Teachers’ pay rise proposal rocks the boat

Fresh divisions have rocked civil servants following the Apex Council and the Progressive Teachers’ Union of Zimbabwe’s rejection of the $1,000 salary proposal put forward by the Zimbabwe Teachers’ Association.

ZIMTA Chief Executive Officer Sifiso Ndlovu, said that the $1,000 salary was in line with trends in the southern African region. Zimbabwe currently pays its teachers $400, including allowances, at a time when the poverty line is pegged at $540. Staff morale has been affected and many teachers have left Zimbabwe for better pay elsewhere.

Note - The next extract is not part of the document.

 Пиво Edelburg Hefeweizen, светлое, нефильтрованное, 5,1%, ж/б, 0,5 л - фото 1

However, the Apex Council, which brings together civil servants’ unions in salary negotiations with the government and the PTUZ say the demands by ZIMTA are outrageous. Civil servants have for the past year failed to engage in salary talks with the government following wrangles over the Apex Council leadership – see story on page 8.

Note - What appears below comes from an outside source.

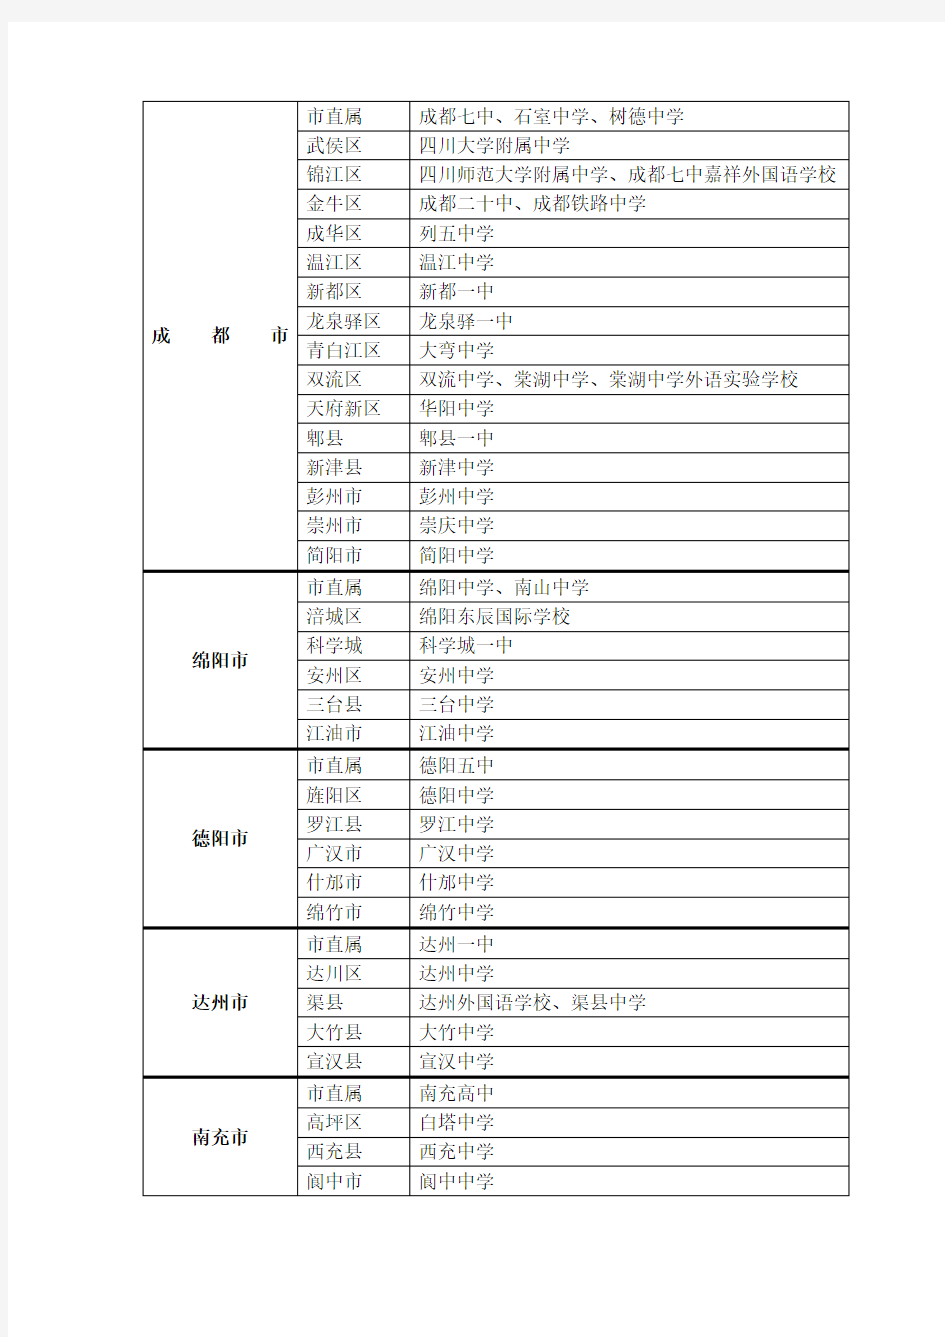 四川省一级示范性普通高中名单(206)

In his solidarity message at the World Teachers’ Day commemorations organised by the PTUZ in the capital last week, Apex Council chair David Dzatsunga accused ZIMTA of grandstanding because civil servants recently submitted a position paper to government demanding a minimum salary of $540.

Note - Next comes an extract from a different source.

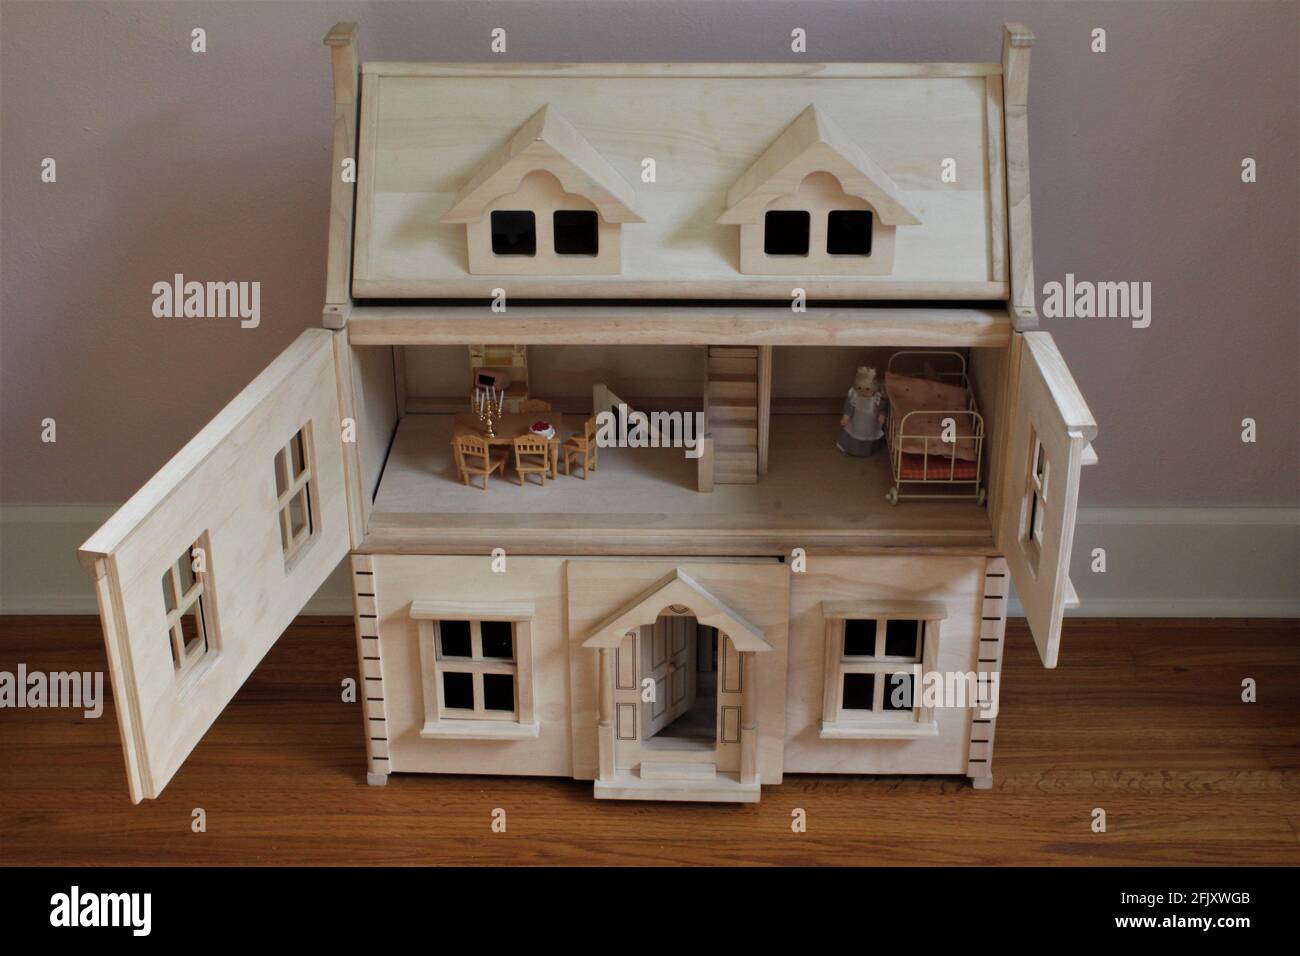 Une maison de poupée en bois de bricolage dans la chambre d'un enfant pour  faire semblant. Les portes sont ouvertes au deuxième étage et la salle de  poupées est montrée avec des

“When we negotiate, we must negotiate reasonably,” said Dzatsunga.

He said the latest action by ZIMTA would only serve to create divisions and hamper efforts over reasonable salary negotiations.

But ZIMTA’s chief executive officer, Sifiso Ndlovu, remained unmoved by Dzasunga’s concerns.

“When we put forward that position paper, we were saying that $540 should be given to the poorest people in government and teachers cannot be classified as poor. That $540 should be meant for sweepers and not teachers,” he said.